Keywords: social stress, controllability, anxiety, defensive behavior

1. Introduction

Social stress, stemming from any number of causes such as bullying or abuse, can be a contributing factor to the onset of a variety of psychiatric disorders, including post-traumatic stress disorder and major depression [13]. A variety of animal models have been developed to study the behavioral changes associated with social stress. Many of these models use social defeat, which involves an aggressive encounter between two animals and the subsequent creation of a dominant-subordinate (winner-loser) relationship [4,5]. Golden hamsters (also referred to as Syrian hamsters) are solitary animals and are excellent candidates for examining social stress because they are naturally aggressive and will reliably defend their home territory against an intruding conspecific without any need for complex social housing conditions. Hamsters also display ritualized agonistic behaviors and brief encounters rarely result in injury, thereby providing a valid animal representation of social or psychological stress rather than stress resulting from a physically harmful encounter. In fact, we have demonstrated that the hormonal stress response to social defeat in hamsters is largely psychological as it occurs in subordinate hamsters even in the absence of any physical contact with the dominant opponent [6]. Our lab generally uses a model in which an experimental animal is placed in the home cage of a larger, more aggressive animal, wherein it is reliably and quickly defeated. After this brief social defeat, the subject exhibits high levels of submission even toward a much smaller and younger opponent that would usually be non-threatening. This phenomenon has been termed conditioned defeat [7,8]. Social defeat models are becoming increasingly popular in studying mental illness, especially depression and anxiety disorders, and are important in understanding the etiology, mechanisms and treatment options for clinical populations [9,10].

Most defeat models of social stress use an inescapable defeat experience in which the experimental animal is not able to leave the cage of the aggressive opponent until the trial is over; in our studies this is typically a single, 15-min period [11]. In many laboratories, however, animals are paired repeatedly and the experimental animal is often left in the cage with its opponent, at times separated by a barrier, for several weeks [9,12]. Thus, it is possible that the pronounced and generalized social avoidance displayed by a variety of species during subsequent testing is a by-product of the inescapable defeat experience and would not occur if the subject had the ability to escape its attacker.
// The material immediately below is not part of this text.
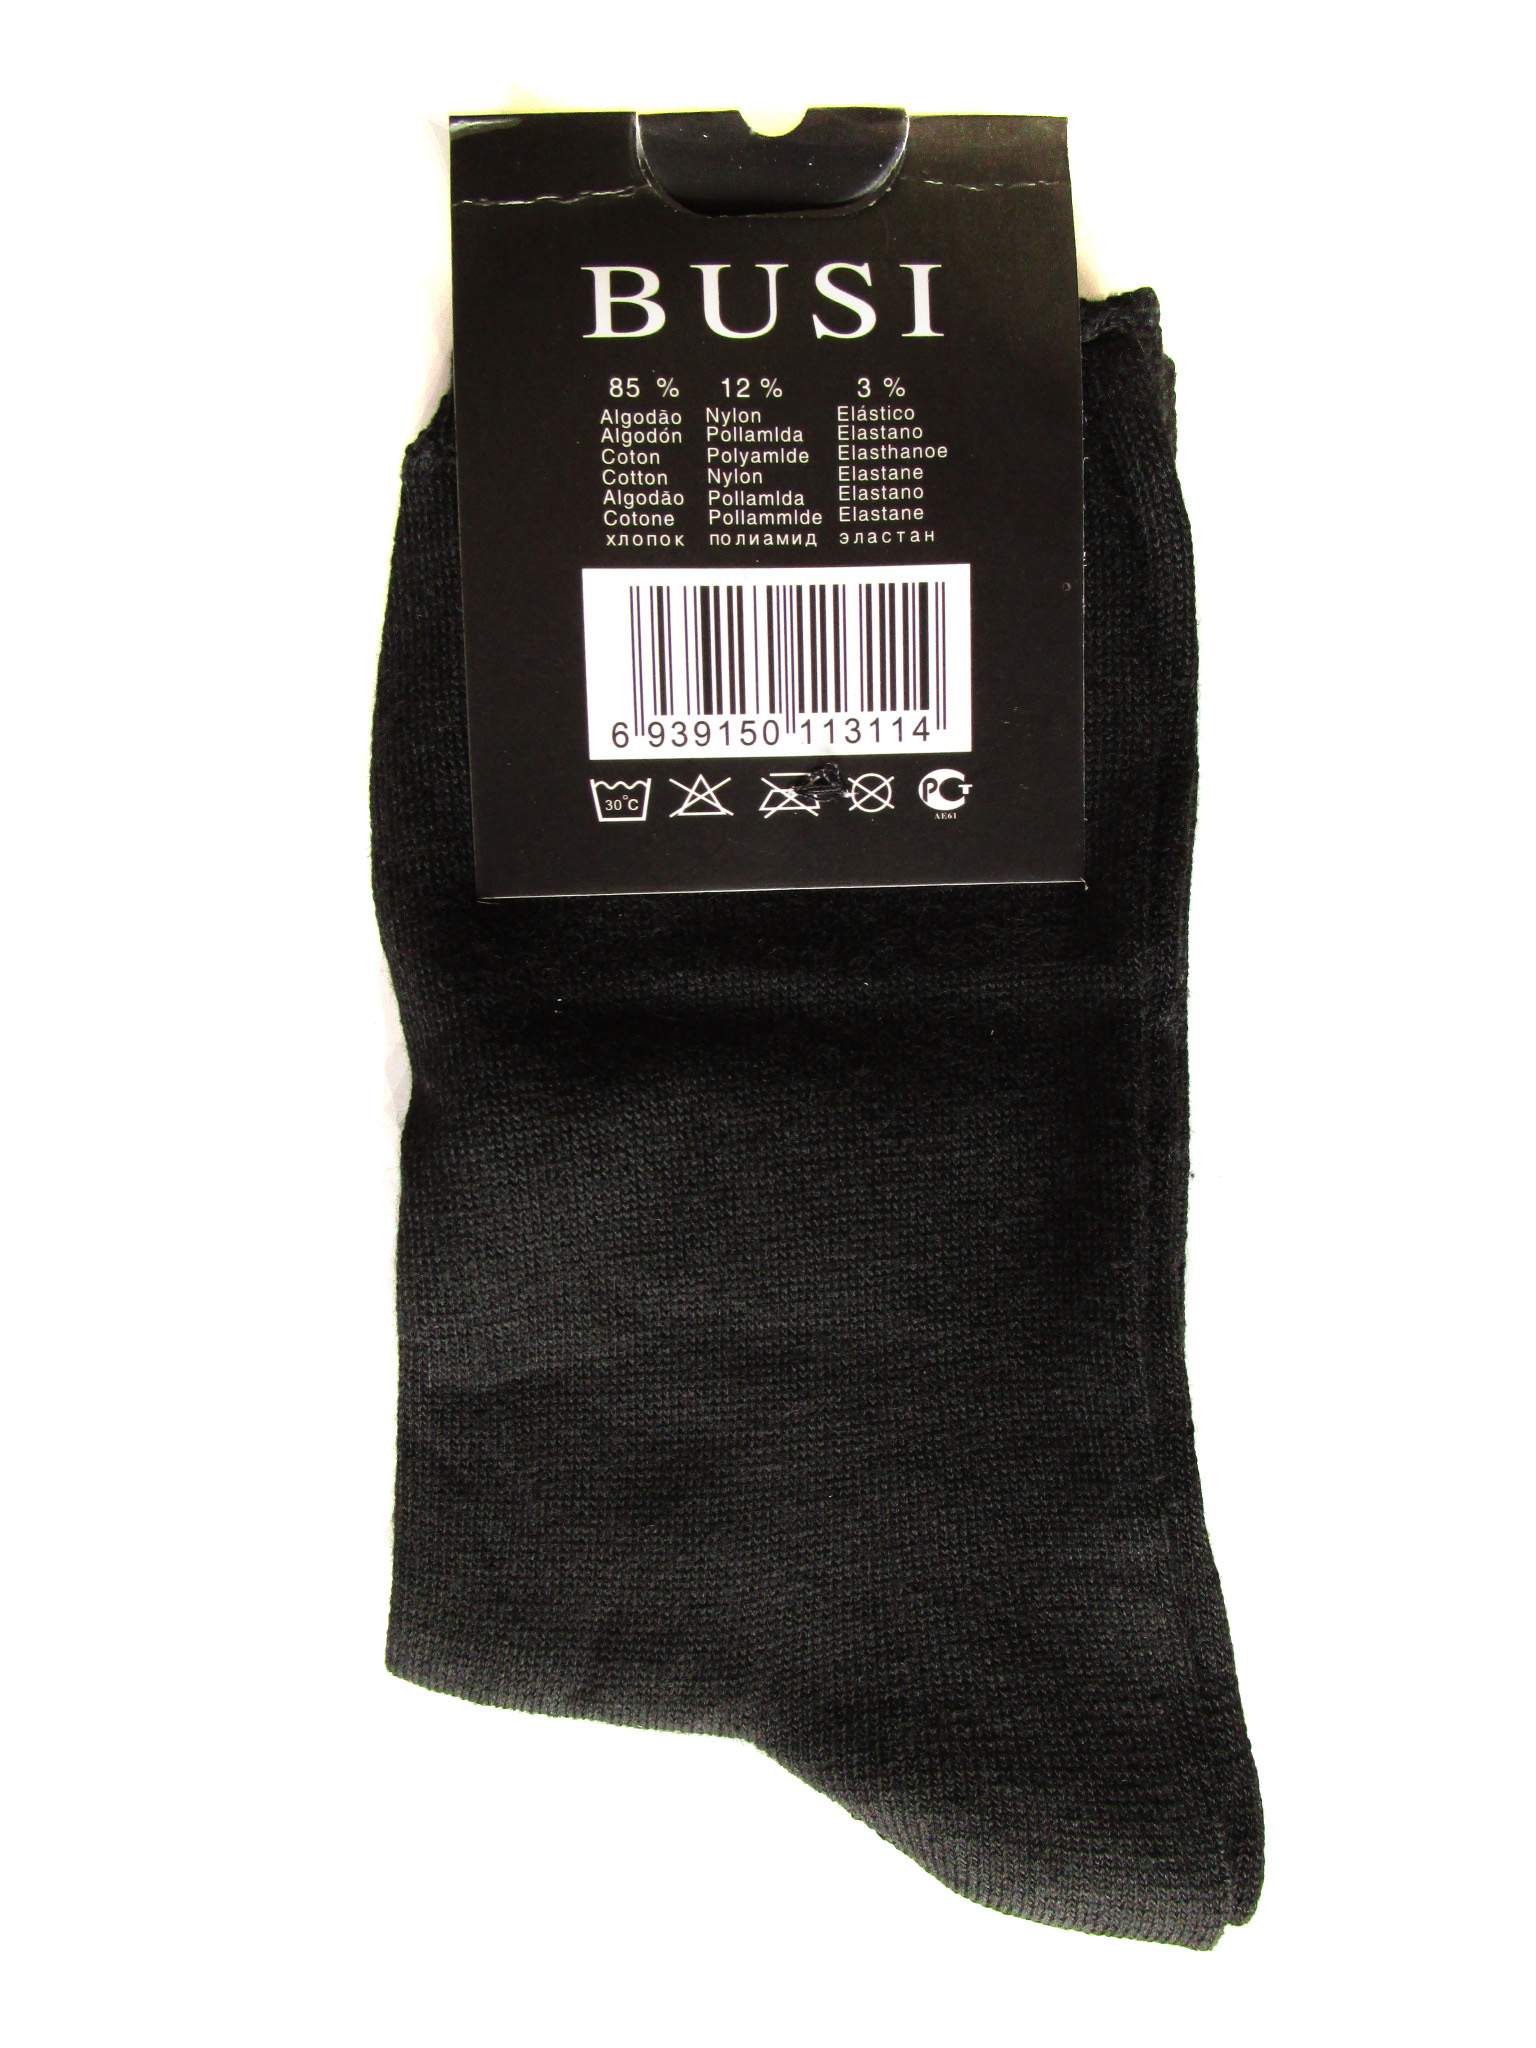 Мужские носки "Busi" (арт.1311)

In fact, there are data to suggest this might be the case because hamsters that are paired with an aggressive opponent three times but retain the ability to escape the cage do not subsequently avoid a familiar, socially neutral male [13]. In order to address this issue, we compared the agonistic behavior of hamsters subjected to an escapable model of defeat to the behavior of hamsters subjected to our standard, acute inescapable defeat model. In addition, following social defeat, hamsters were tested with caged opponents that were familiar (the previous dominant opponent) or unfamiliar (a novel aggressor) in order to determine whether a specific social memory was formed of the aggressive opponent during inescapable and escapable defeat. We hypothesized that conditioned defeat would be present during testing regardless of the type of defeat experience and that animals experiencing an escapable defeat would avoid only the familiar aggressor, while animals experiencing inescapable defeat would generalize their avoidance to all subsequent opponents.

2. Material and Methods

2.1 Subjects

Adult male Syrian hamsters were obtained from Charles River Laboratories. Subjects, approximately 3 months of age and weighing between 120g–140g, were individually housed in polycarbonate cages (24 × 33 × 20 cm) for two weeks prior to the beginning of the experiment. The animals were handled daily for five days preceding the study in order to habituate them to the stress of being handled. Resident aggressors (RA) were larger hamsters, weighing between 160g–175g, which were also individually housed. All cages contained corncob bedding and cotton nesting material, and cages were not changed for one week before the experiment so that hamsters could scent mark their cages. Food and water were available ad libitum. All behavioral manipulations were done in a dedicated hamster testing suite within the vivarium. All procedures and protocols were approved by the Georgia State University Institutional Animal Care and Use Committee and are in accordance with the standards outlined in the National Institutes of Health Guide for Care and Use of Laboratory Animals.

2.2 Behavioral Procedures

On Day 1 of the experiment, subjects were randomly assigned to one of three weight-matched groups: inescapable defeat, escapable defeat, or no defeat control. On Day 2, subjects were further divided into one of five weight-matched groups: inescapable defeat tested with familiar RA; inescapable defeat tested with an unfamiliar RA; escapable defeat tested with familiar RA; escapable defeat tested with an unfamiliar RA; no defeat control group paired with a randomly assigned RA during testing. No defeat control animals were brought to the testing suite but were left undisturbed in their home cage during defeat training on Day 1. Subjects were allowed to habituate to the testing suite for 30 min before all manipulations. All behavioral testing was performed during the first 3 hours of the dark phase of the light-dark cycle under dim red illumination to minimize circadian variation in the behavioral measures and because this is the time when hamsters produce the majority of their agonistic behavior [14]. All training and testing trials were recorded using an infrared CCD camera for later analysis.

2.2.1 Inescapable Defeat Training

Subjects were placed into the home cage of a randomly assigned RA, and a clear plastic lid was placed on top of the cage to keep the subject in the RA’s cage for the duration of the trial. Defeat training lasted 15 min, during which time the RA reliably attacked and defeated the subjects. The pairings were recorded for later behavioral analysis, and animals were monitored throughout defeat training to ensure that no injuries occurred to either of the animals.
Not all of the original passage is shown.